In this function, you build and train your model for making inferences on the test data. Your model must be stored in the `model_directory_path`.

The baseline implementation below doesn't require a pre-trained model, as it uses a statistical test that will be computed at inference time.

In [None]:
def train(
    X_train: pd.DataFrame,
    y_train: pd.Series,
    model_directory_path: str,
):
    # For our baseline t-test approach, we don't need to train a model
    # This is essentially an unsupervised approach calculated at inference time
    model = None

    # You could enhance this by training an actual model, for example:
    # 1. Extract features from before/after segments of each time series
    # 2. Train a classifier using these features and y_train labels
    # 3. Save the trained model

    joblib.dump(model, os.path.join(model_directory_path, 'model.joblib'))

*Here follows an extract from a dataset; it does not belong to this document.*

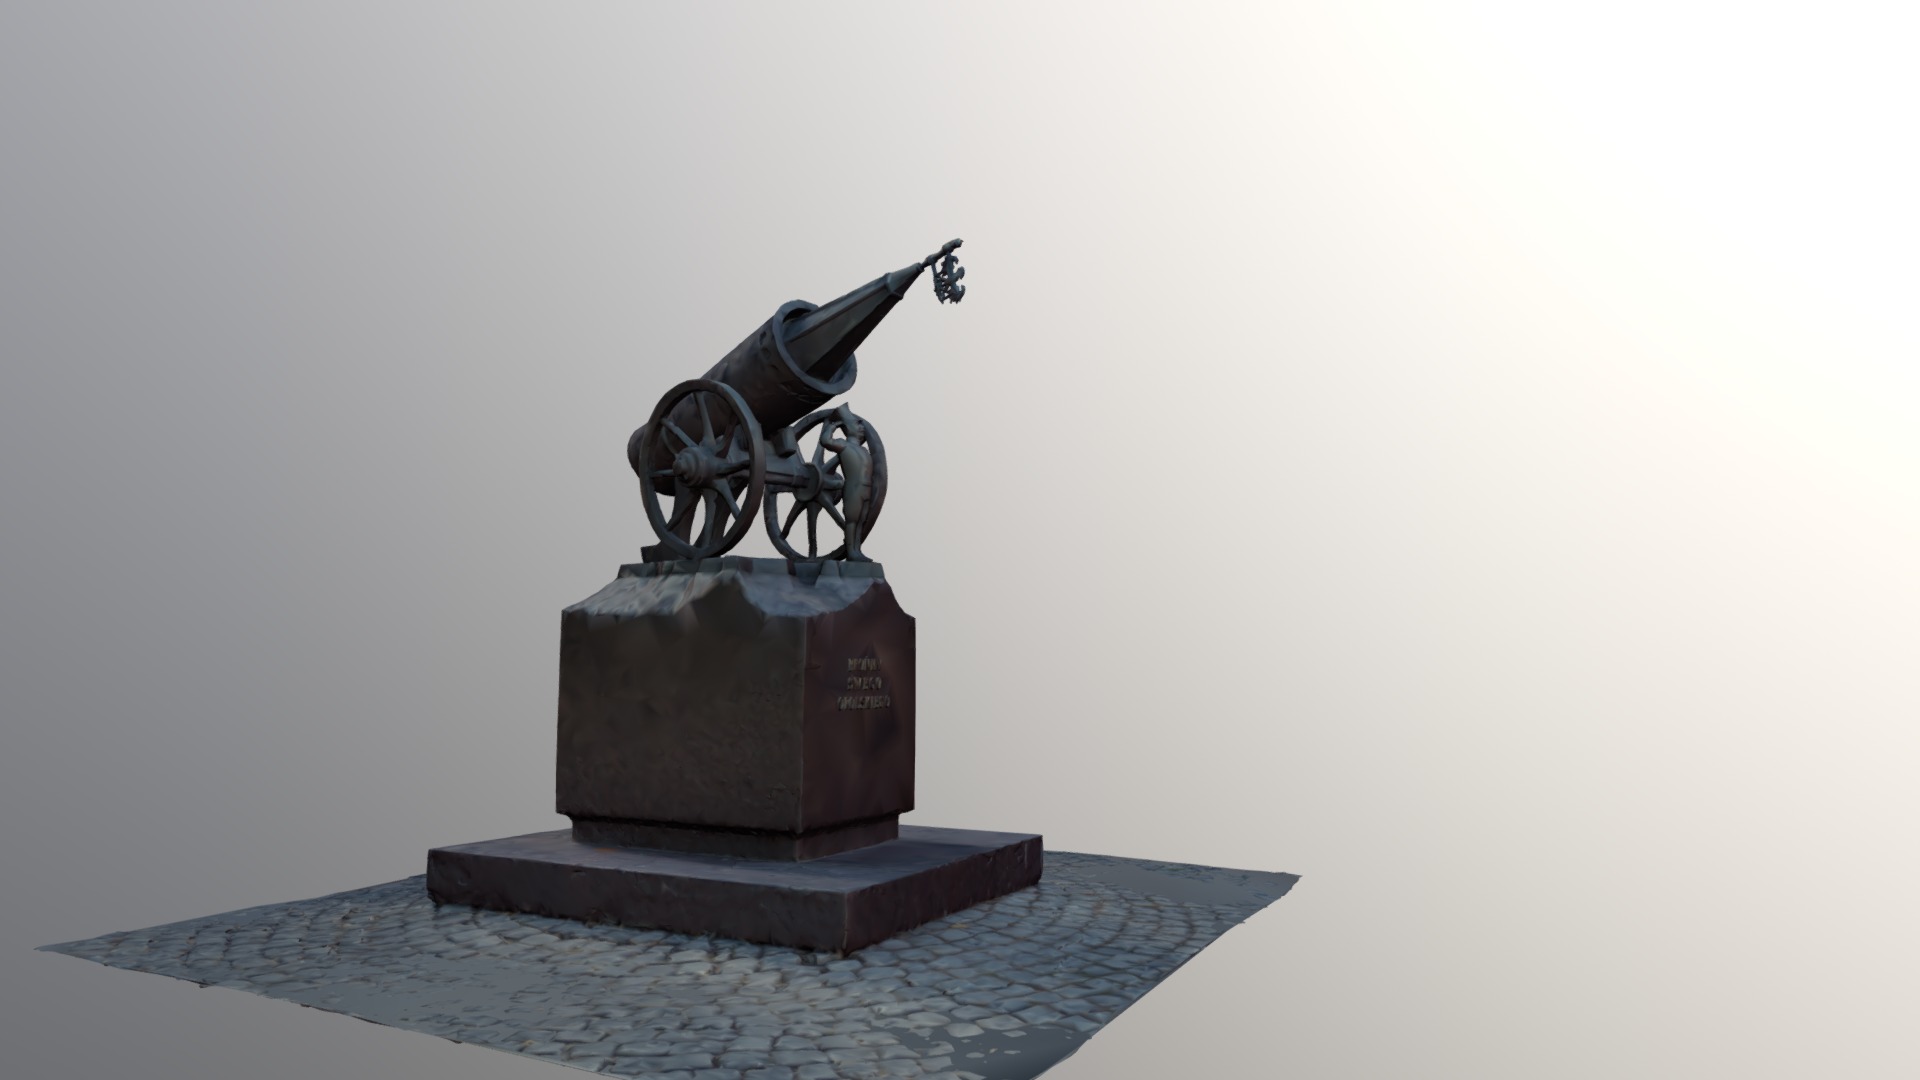 3D model Monument Opole Poland 3d scan by Andrii Shramko - This is a 3D model of the Monument Opole Poland 3d scan by Andrii Shramko. The 3D model is about a statue of a gun.

### The `infer()` Function

In the inference function, your trained model (if any) is loaded and used to make predictions on test data.

**Important workflow:**
1. Load your model;
2. Use the `yield` statement to signal readiness to the runner;
3. Process each dataset one by one within the for loop;
4. For each dataset, use `yield prediction` to return your prediction.

**Note:** The datasets can only be iterated once!

In [None]:
def infer(
    X_test: typing.Iterable[pd.DataFrame],
    model_directory_path: str,
):
    model = joblib.load(os.path.join(model_directory_path, 'model.joblib'))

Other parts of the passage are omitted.